### About this exercise
With pictures removed, the data below should be returned exactly.

### Stored data
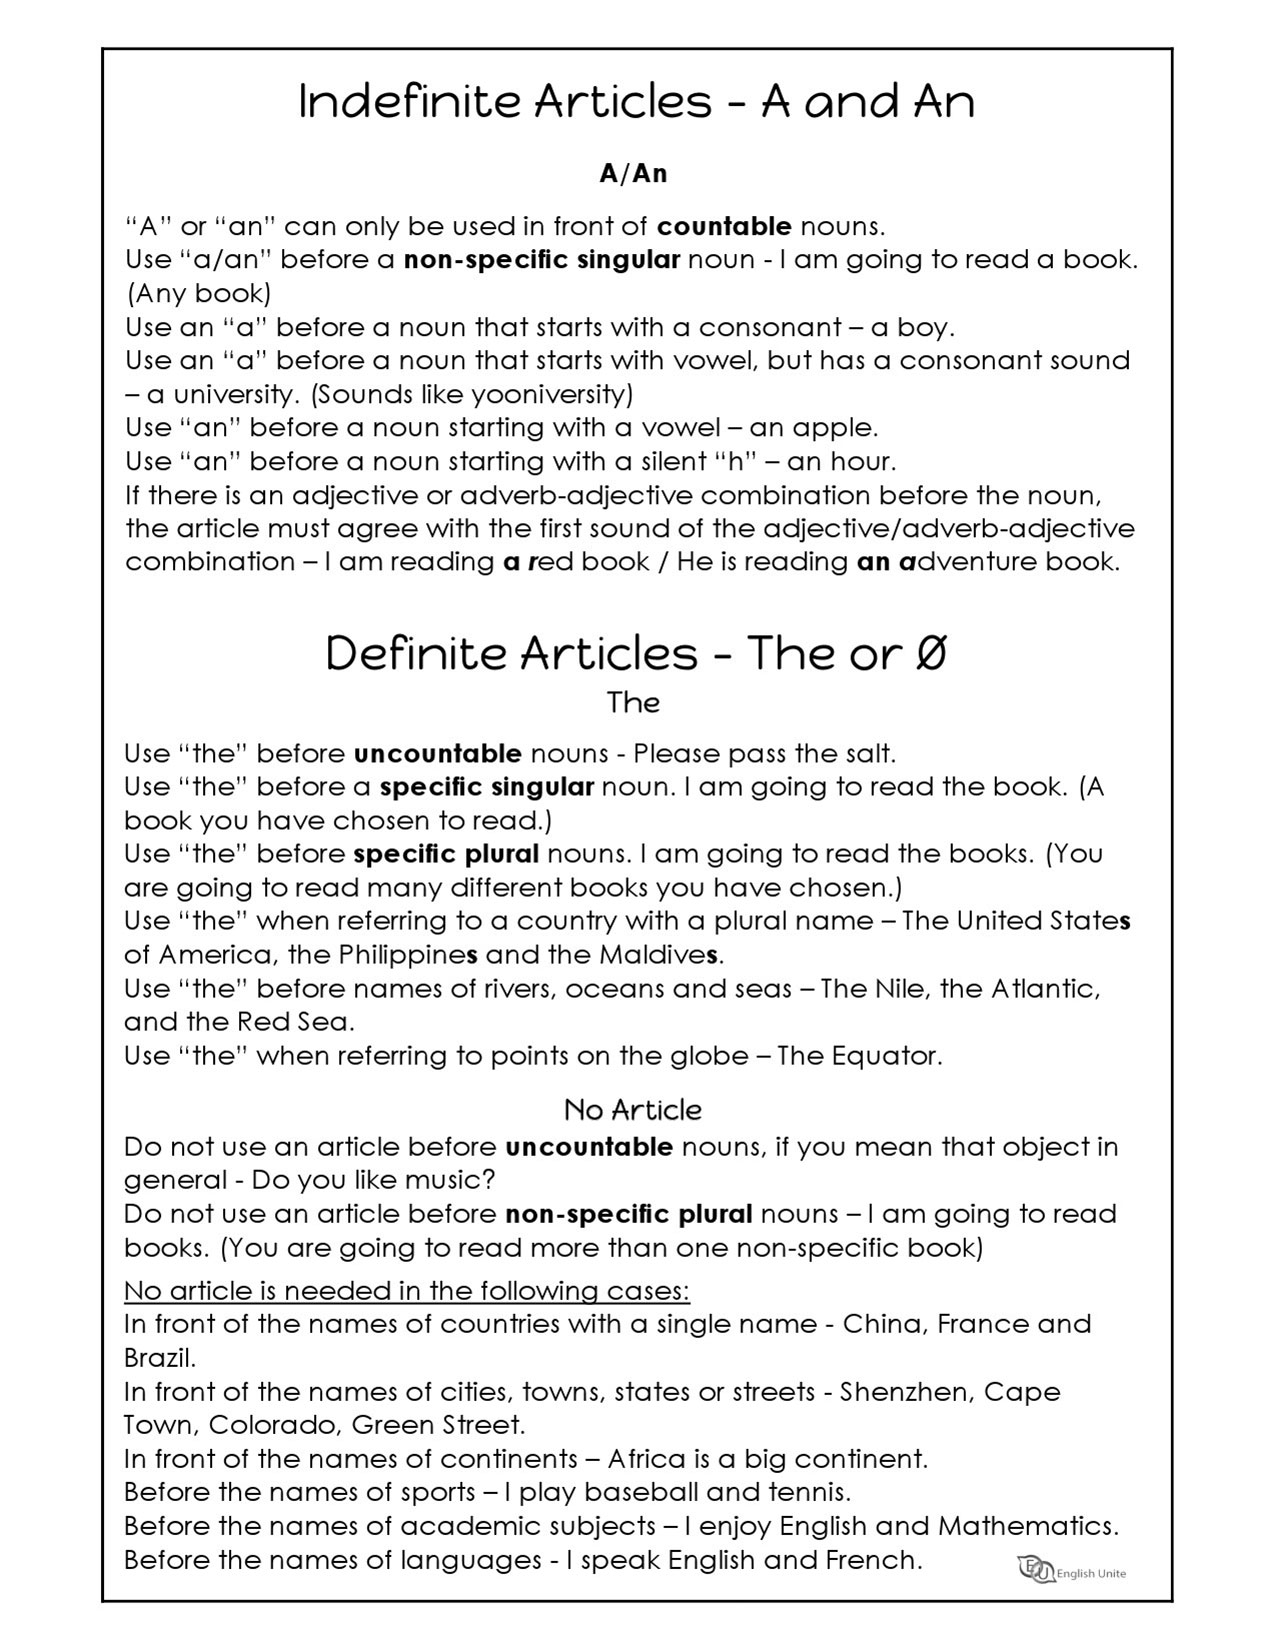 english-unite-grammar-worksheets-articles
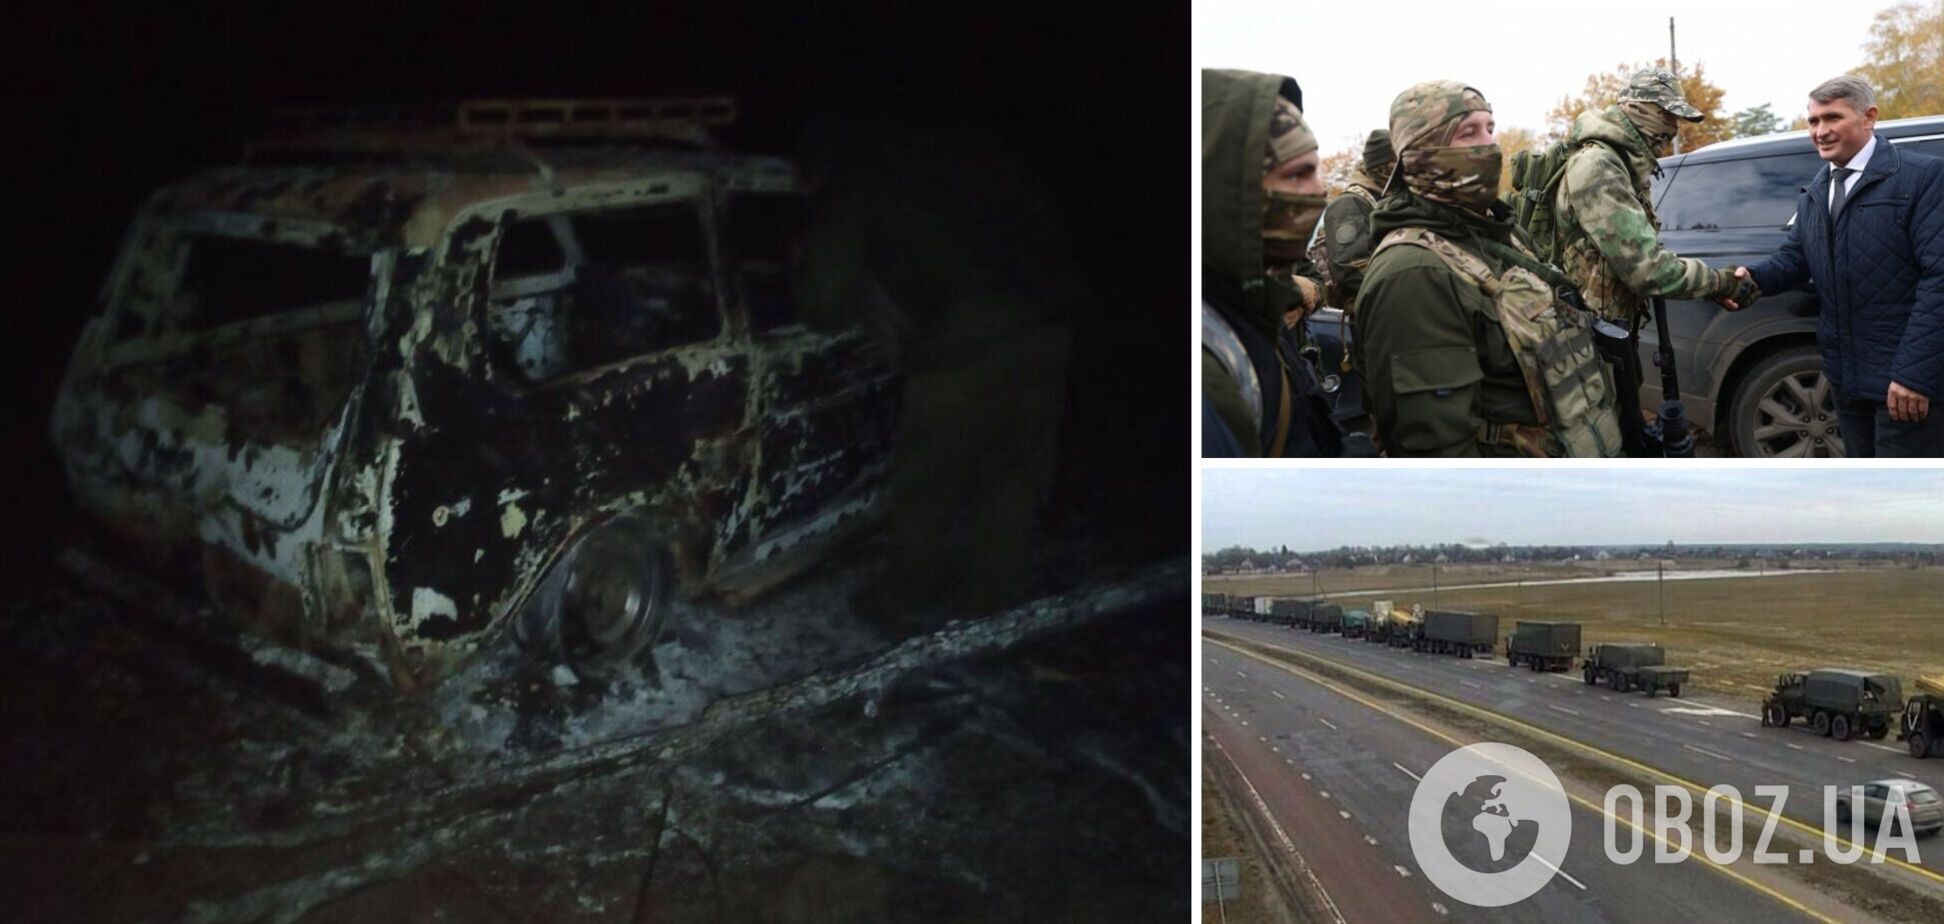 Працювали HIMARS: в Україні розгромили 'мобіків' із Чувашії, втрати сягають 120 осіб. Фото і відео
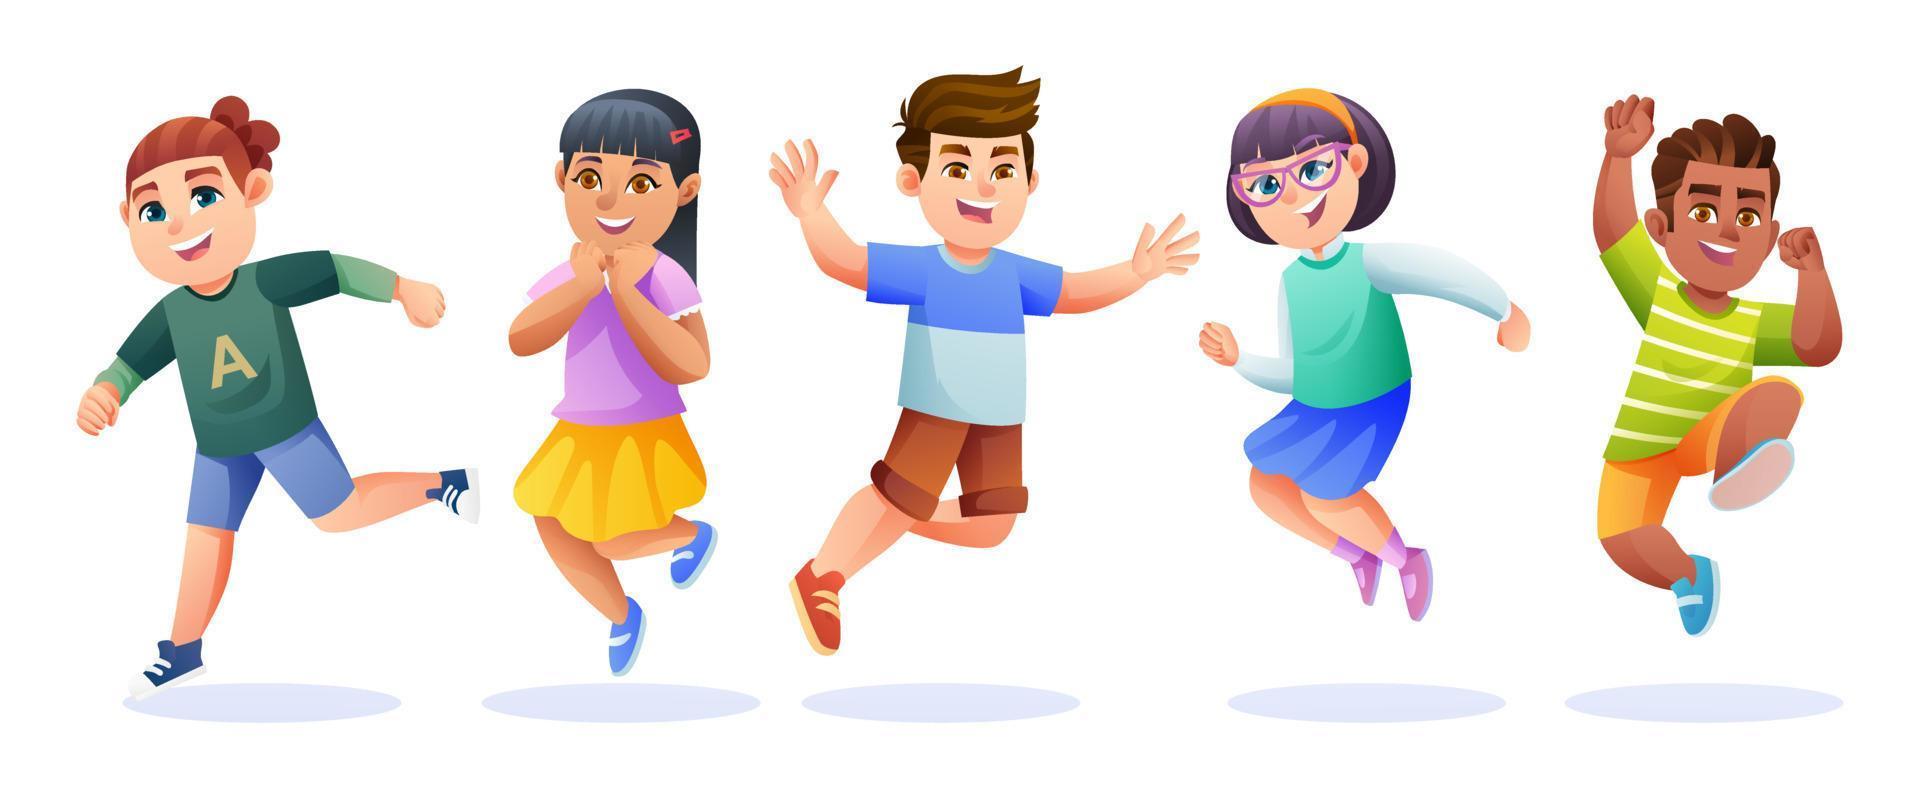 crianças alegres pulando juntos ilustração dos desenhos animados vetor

### Solution
 english-unite-grammar-worksheets-articles
 Працювали HIMARS: в Україні розгромили 'мобіків' із Чувашії, втрати сягають 120 осіб. Фото і відео
 crianças alegres pulando juntos ilustração dos desenhos animados vetor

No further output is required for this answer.